In January, Netflix expanded to 190 countries. Rather tellingly, Chief Executive Reed Hastings noted: “It will take a while to bring the catalogs together.” That’s something of an understatement. In some countries, even Netflix’s own series are absent from Netflix, due to earlier deals being cut with local cable providers. Elsewhere, to say libraries have slim pickings is putting it mildly.
For many users, this never made any odds. Prior to Netflix showing up, people used it anyway by way of VPN software.
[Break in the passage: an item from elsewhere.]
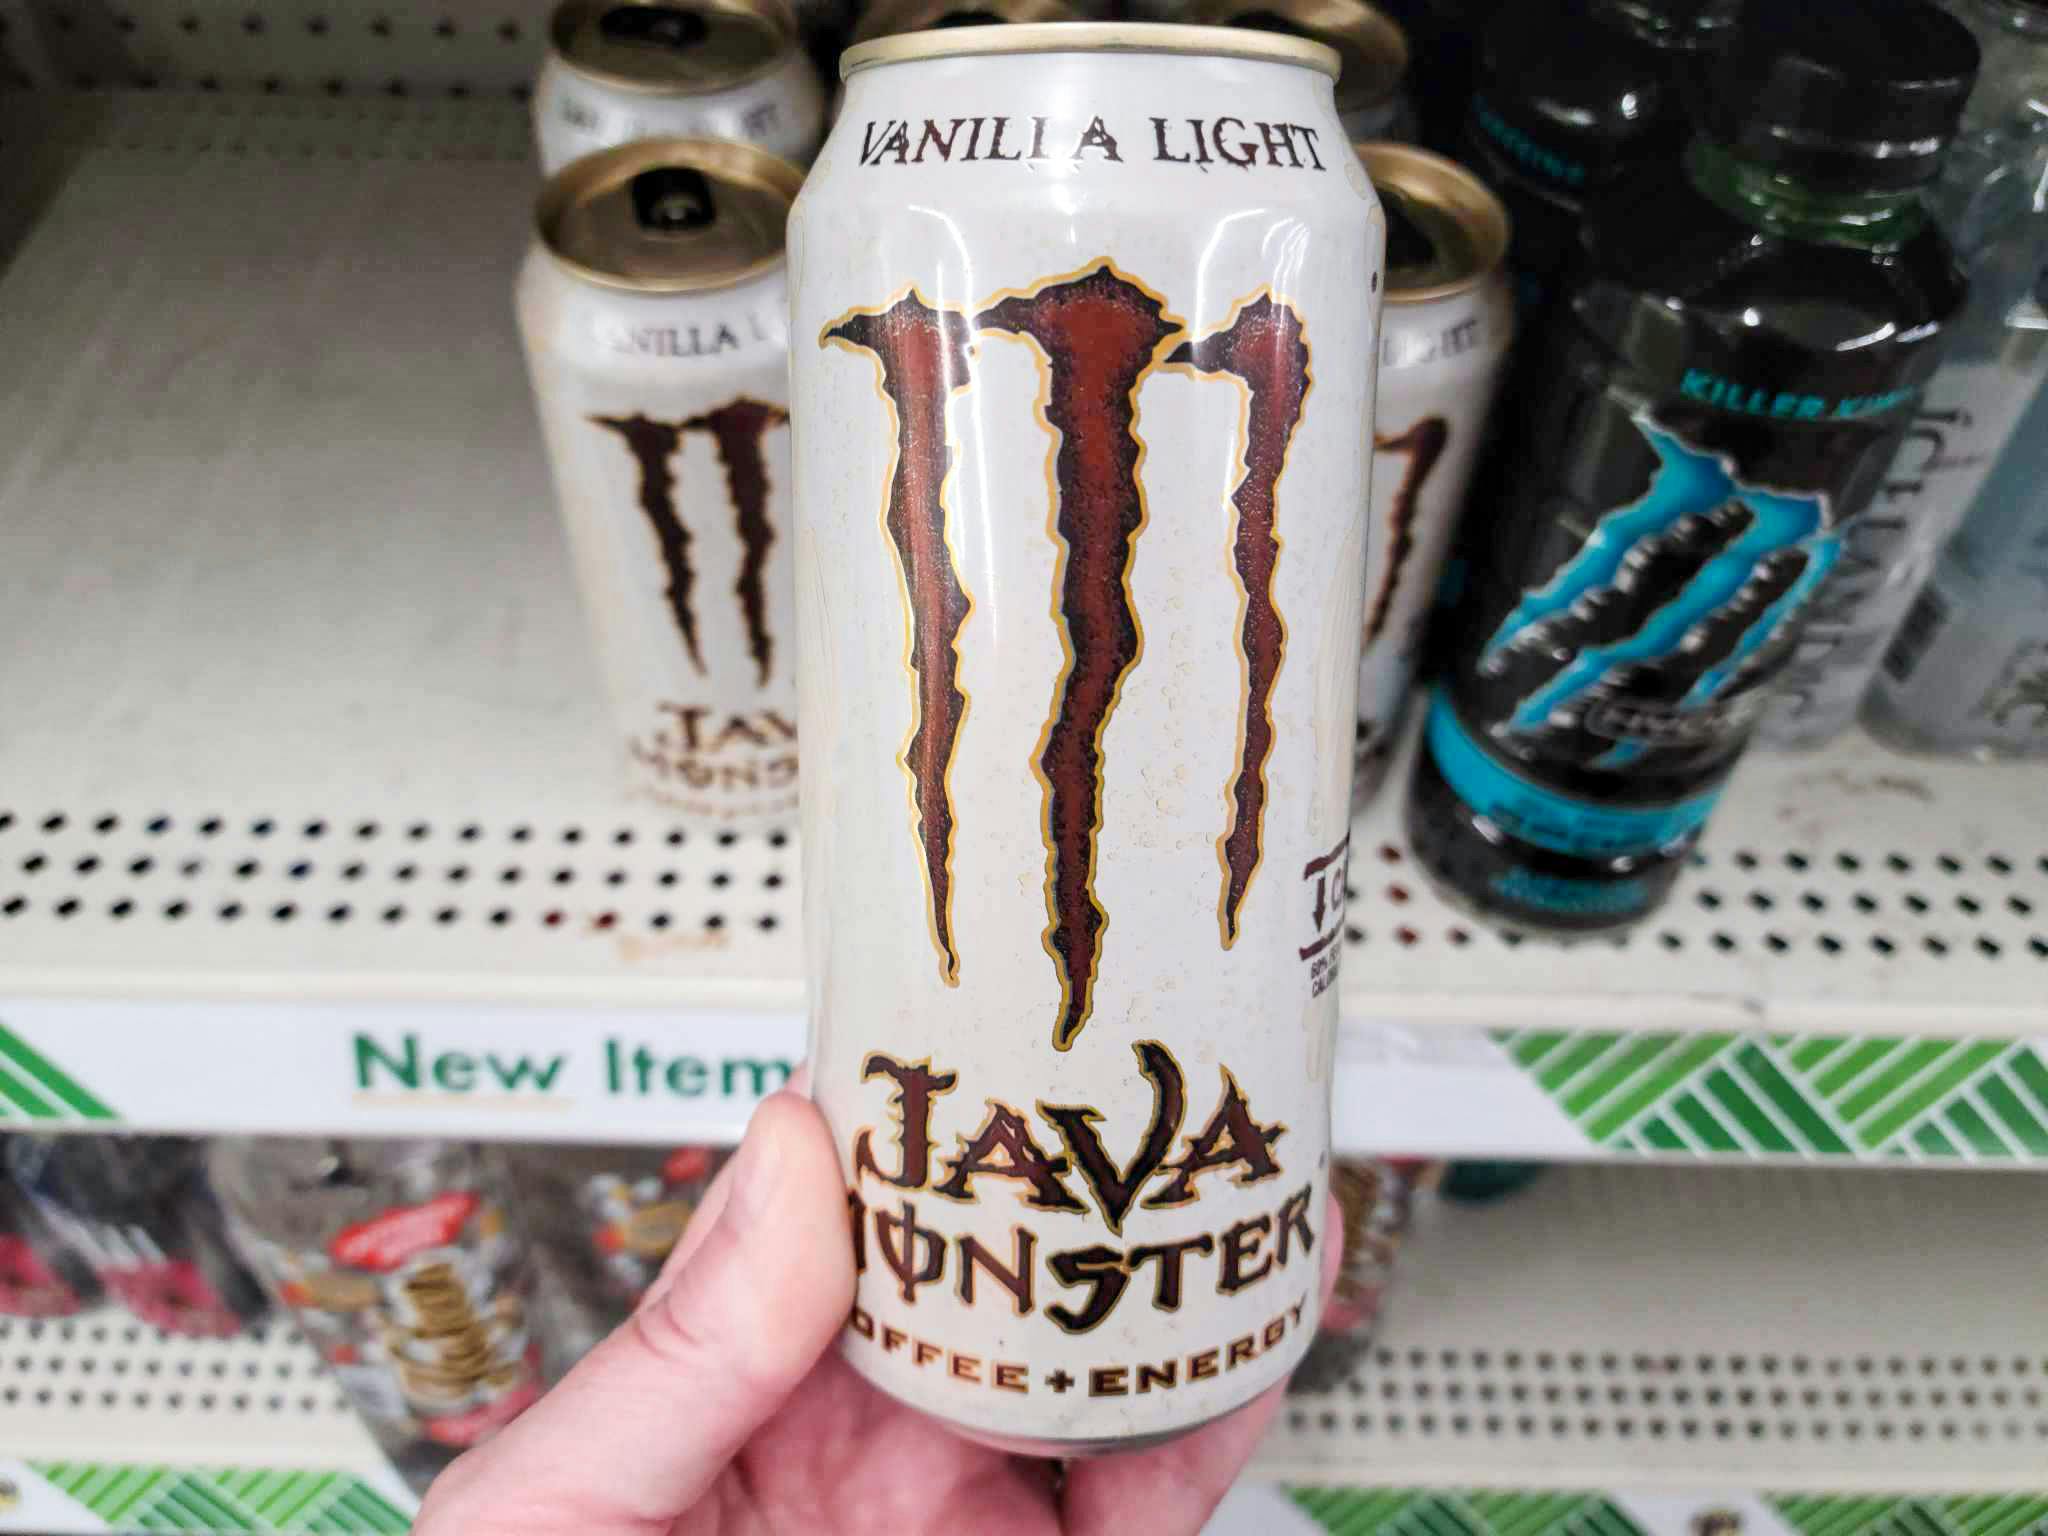 energy monster drink

This spoofs your location, enabling you to browse and play media ‘geolocked’ to a specific country, for example the Netflix US catalogue if you’re living in the UK. When Netflix expanded, people carried on as if nothing had happened, presumably after looking at their local catalogues and wondering if tumbleweeds were about to bob across the screen.
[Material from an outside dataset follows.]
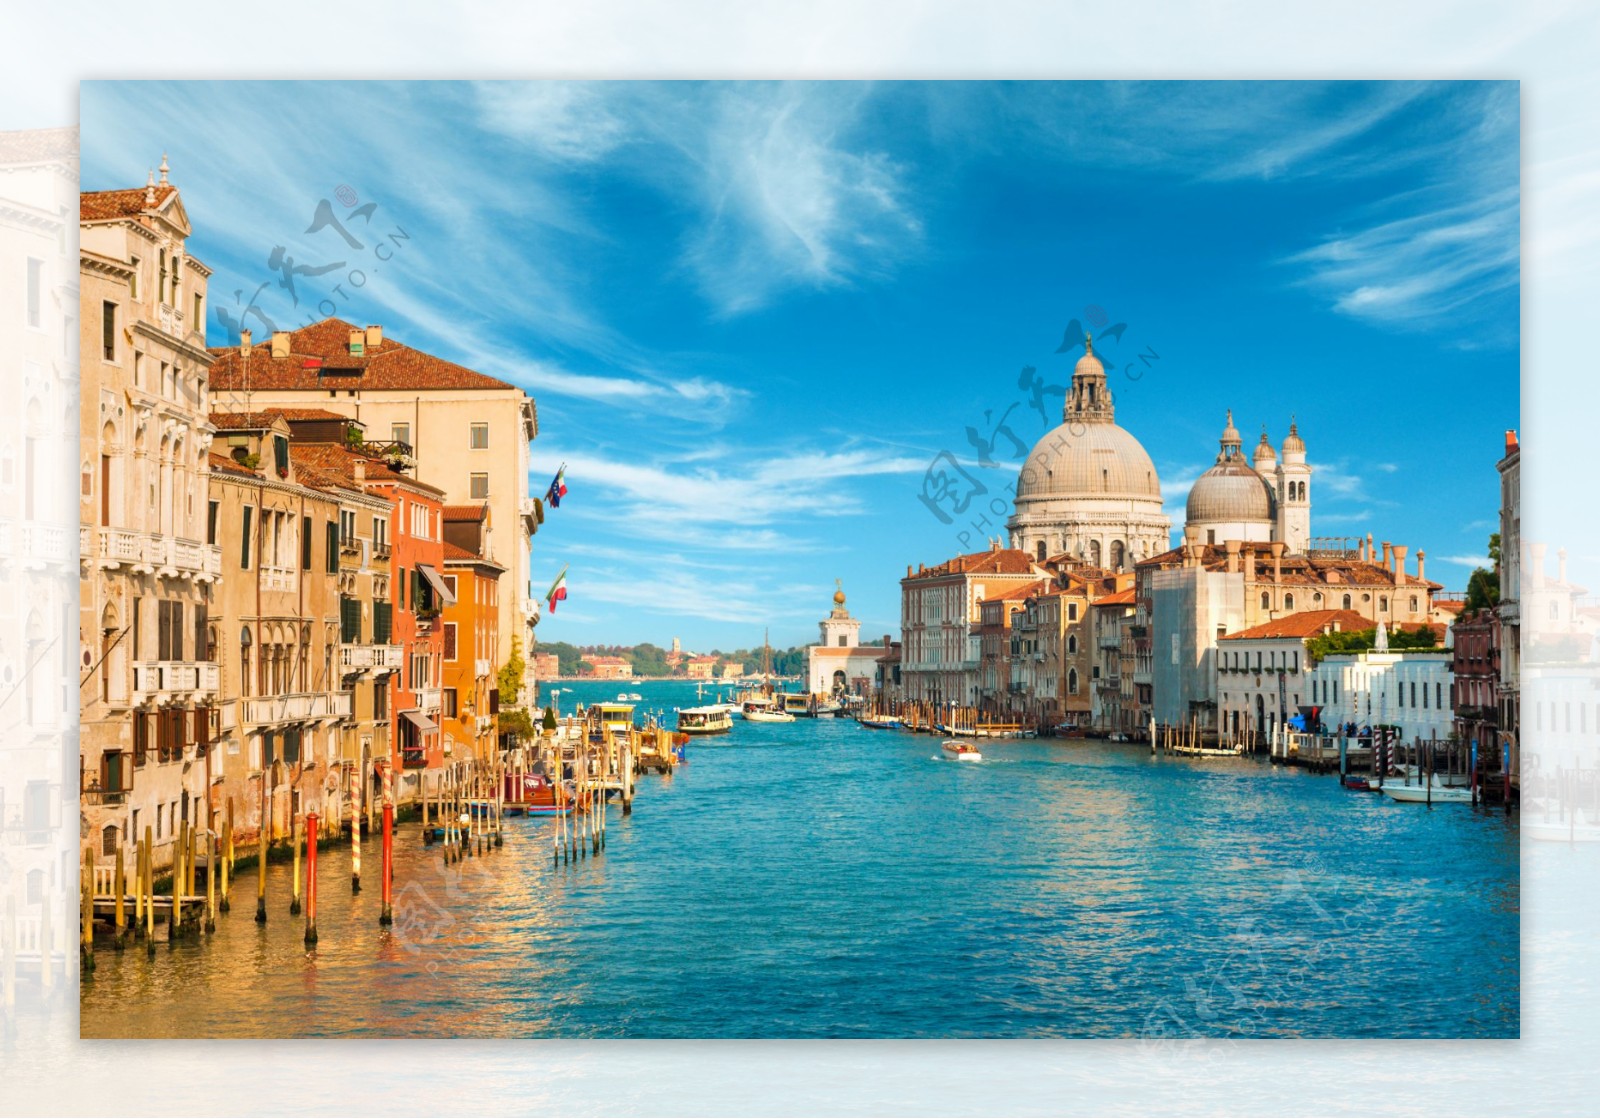 威尼斯水城意大利图片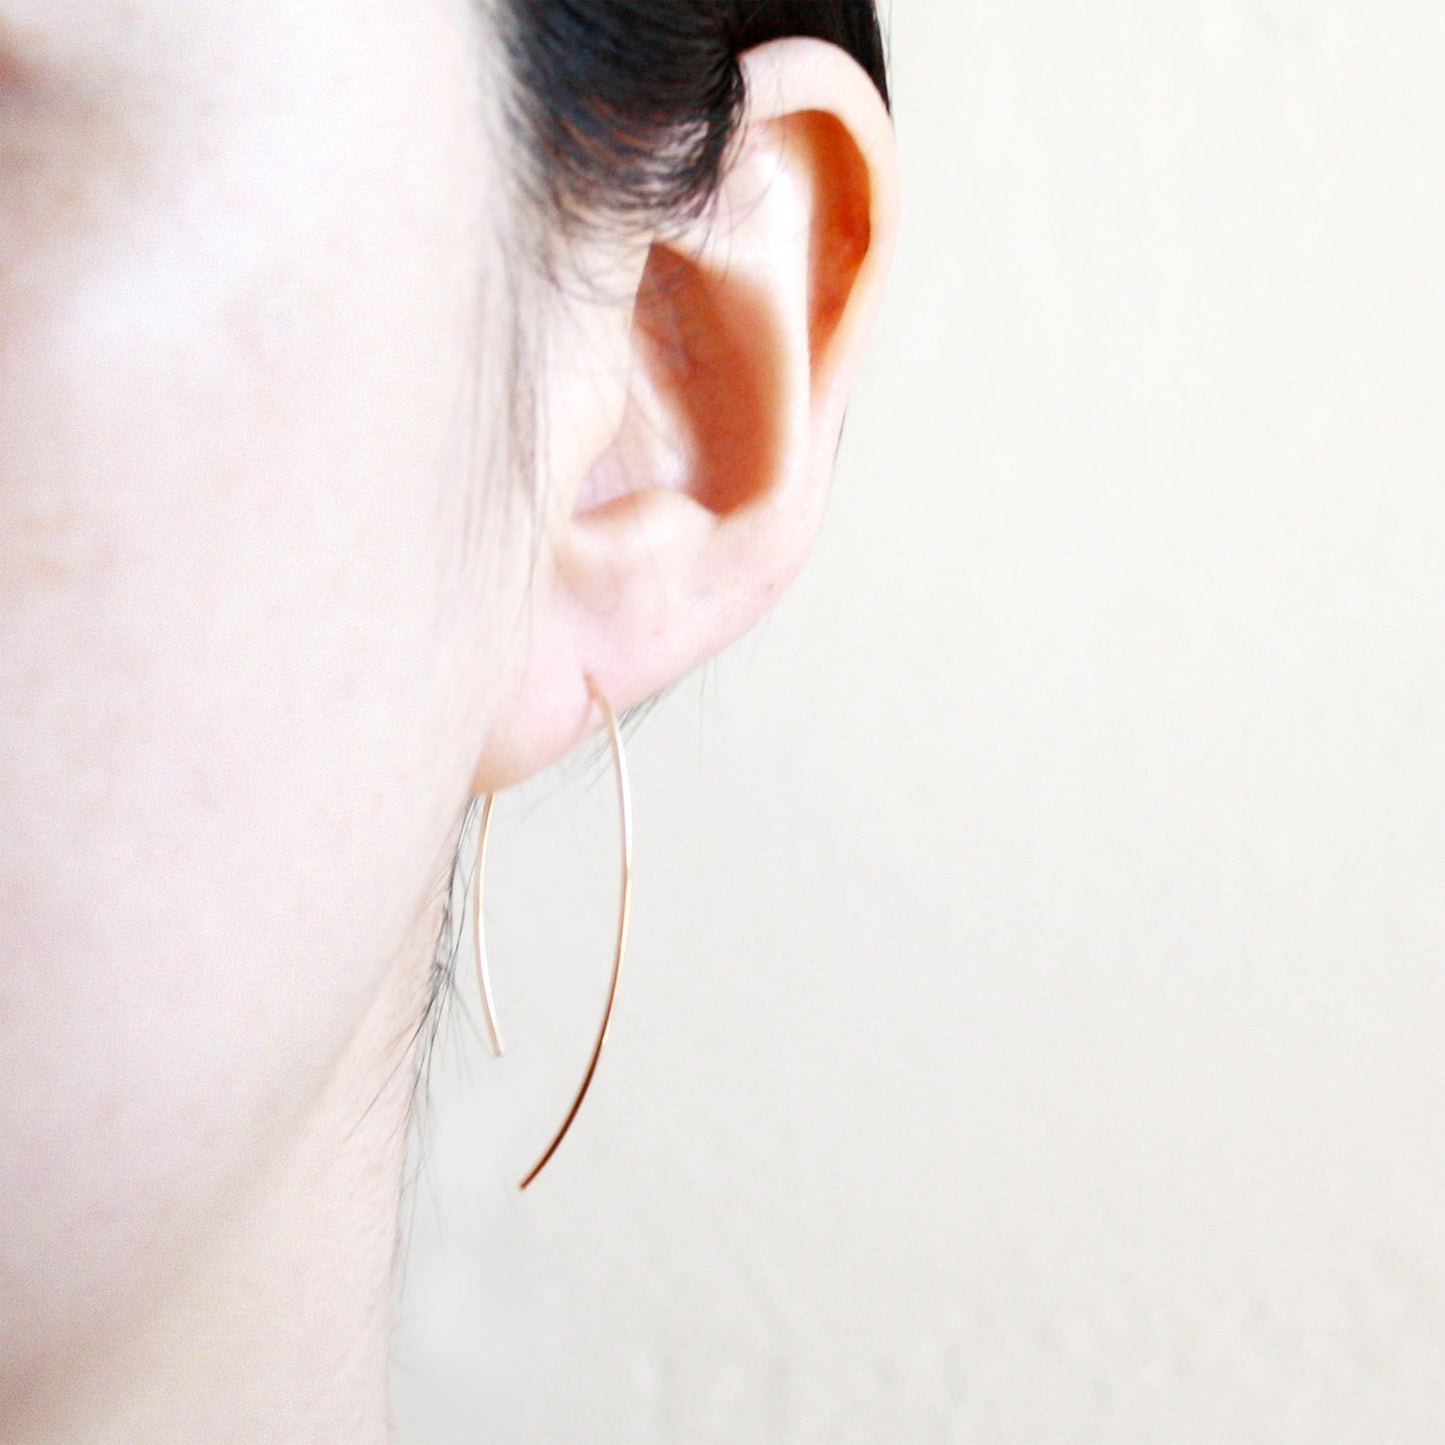 Oval Hook Earrings

At one point, Netflix didn’t seem to care about VPNs. Although they were technically against the company’s terms, it was perhaps pragmatic to turn a blind eye. Netflix was still getting paid, and by extension so were the companies who owned the series people were watching. Only media executives don’t see things this way. Instead, they consider people using VPNs the new ‘home tapers’, killing the industry through stopping movie and television companies making local deals. In other words, a single Netflix catalogue is bad for business, when you can in some countries carve off the good bits and sell them to a dozen individual networks, each of which charges for access.
Of late, the most common thing I’m seeing regarding Netflix is people quitting the service, on account of no longer being able to access content they were enjoying. Their alternative, almost without exception: returning to torrenting. I wonder whether movie and television execs will ever wake up to the reality of modern media distribution. Having a service available worldwide is irrelevant if the content doesn’t go with it. And if you restrict the content, people will simply stop paying.